What are the disadvantages of the K-nearest neighbors (KNN) algorithm?
Slow at prediction time:
For every new point, KNN must compute distances to all training observations, making it computationally expensive for large datasets.
Sensitive to irrelevant features:
Distance calculations treat all features equally, so irrelevant variables can distort distances and lead to incorrect classifications.
Requires feature scaling:
Variables with larger numerical ranges dominate distance calculations, so data must be standardized or normalized to avoid bias.
Choice of k is critical: Selecting k requires careful tuning (e.g., cross-validation).
Memory intensive:
KNN must store the entire dataset, which can be inefficient with large data.

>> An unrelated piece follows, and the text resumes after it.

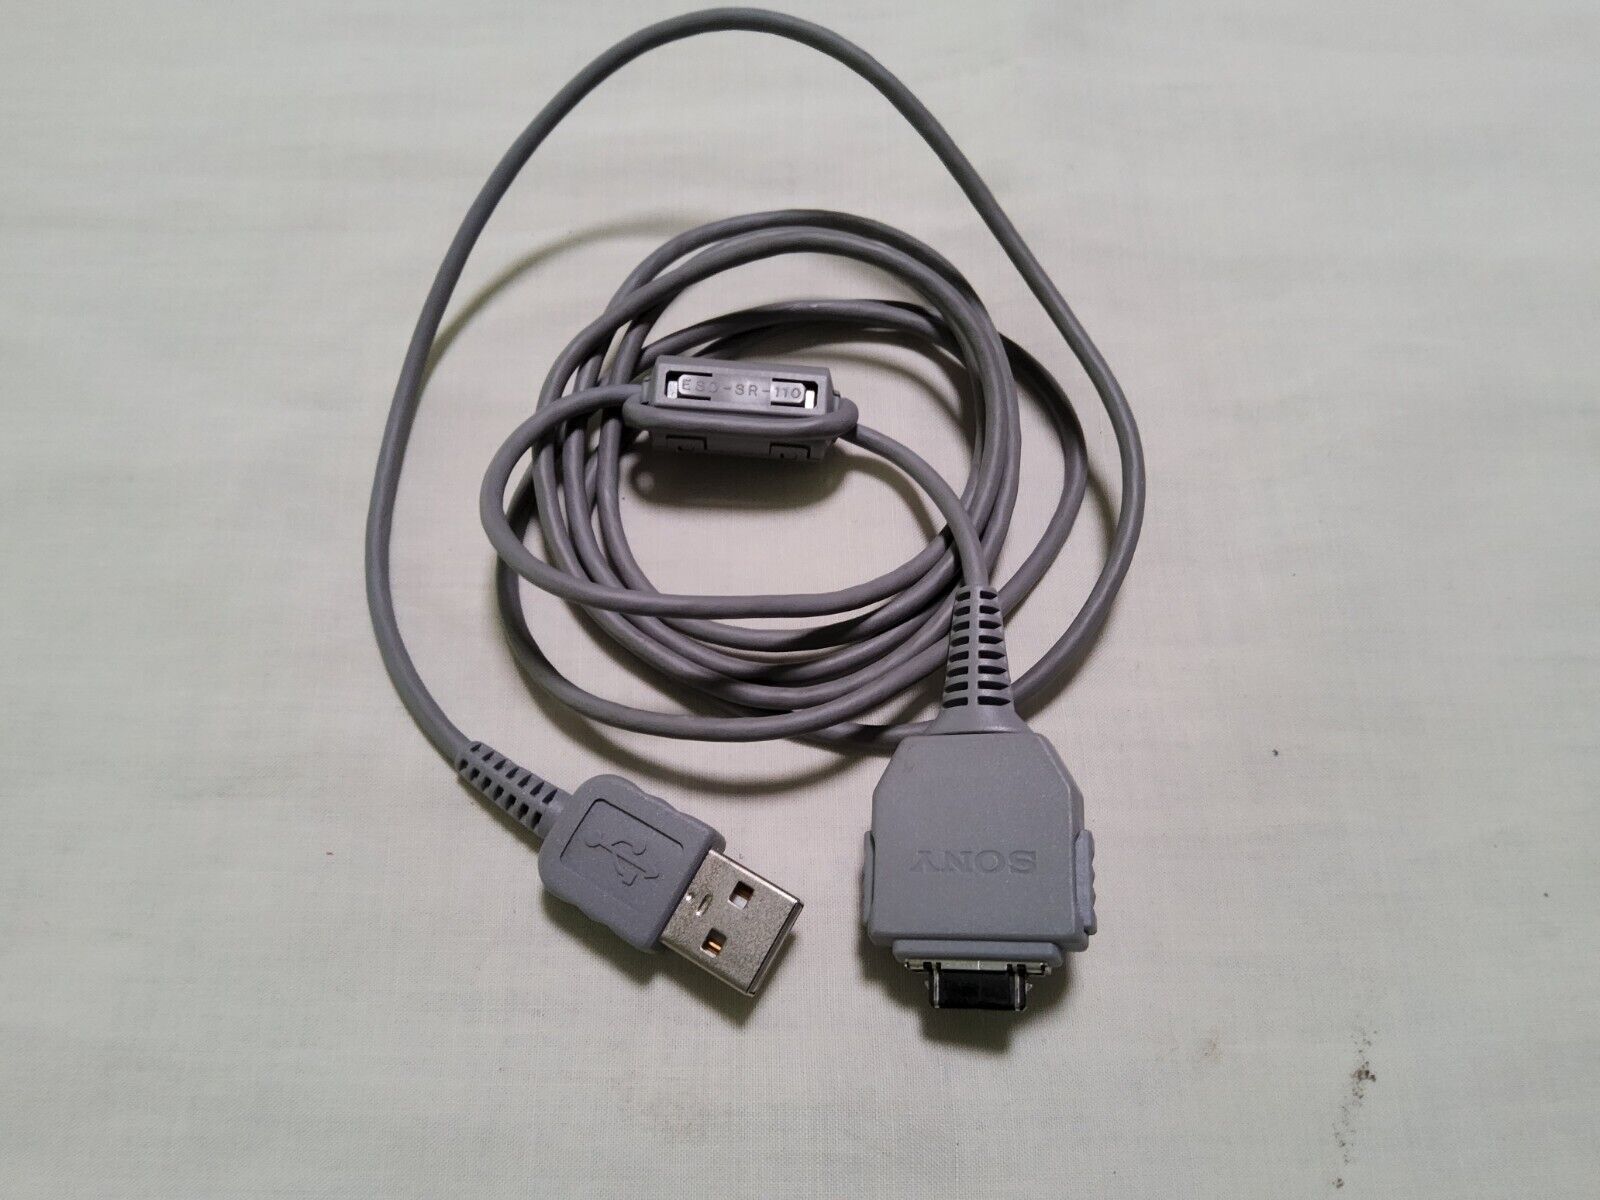 SONY VMC-MD1 USB Camera Cable for Cyber-Shot DSC-W90, DSC-W100, DSC-W110 DSC-120

How does v-fold cross validation work?
Split the training data into v equal parts (folds)
For each fold:
Train the model on v − 1 folds
Validate it on the remaining fold
Repeat this process v times, so each fold is used once as validation
Average the performance metrics (e.g., accuracy) across all folds
Complete the code to split data into training and testing sets:
set.seed(123)
data_split <- initial_split(data, prop = ___, strata = ___)
data_train <- training(data_split)
data_test <- testing(data_split)
0.75, Class
Complete the code for 5-fold cross-validation:
data_vfold <- vfold_cv(data_train, v = ___, strata = ___)
5, Class
Fill in the blanks to define a KNN classifier:
knn_spec <- nearest_neighbor(weight_func = ___, neighbors = ___) |>
set_engine("___") |>
set_mode("___")
“rectangular”, tune(), “kknn”, “classification”
Complete prediction code:
predictions <- predict(___, ___) |>
bind_cols(___)
knn_fit, data_test, data_test
Fill in the blank to compute accuracy:
accuracy(predictions, truth = ___, estimate = ___)
Class, .pred_class
What does tune() indicate in a model specification?
That the parameter (k) will be optimized using validation or cross-validation.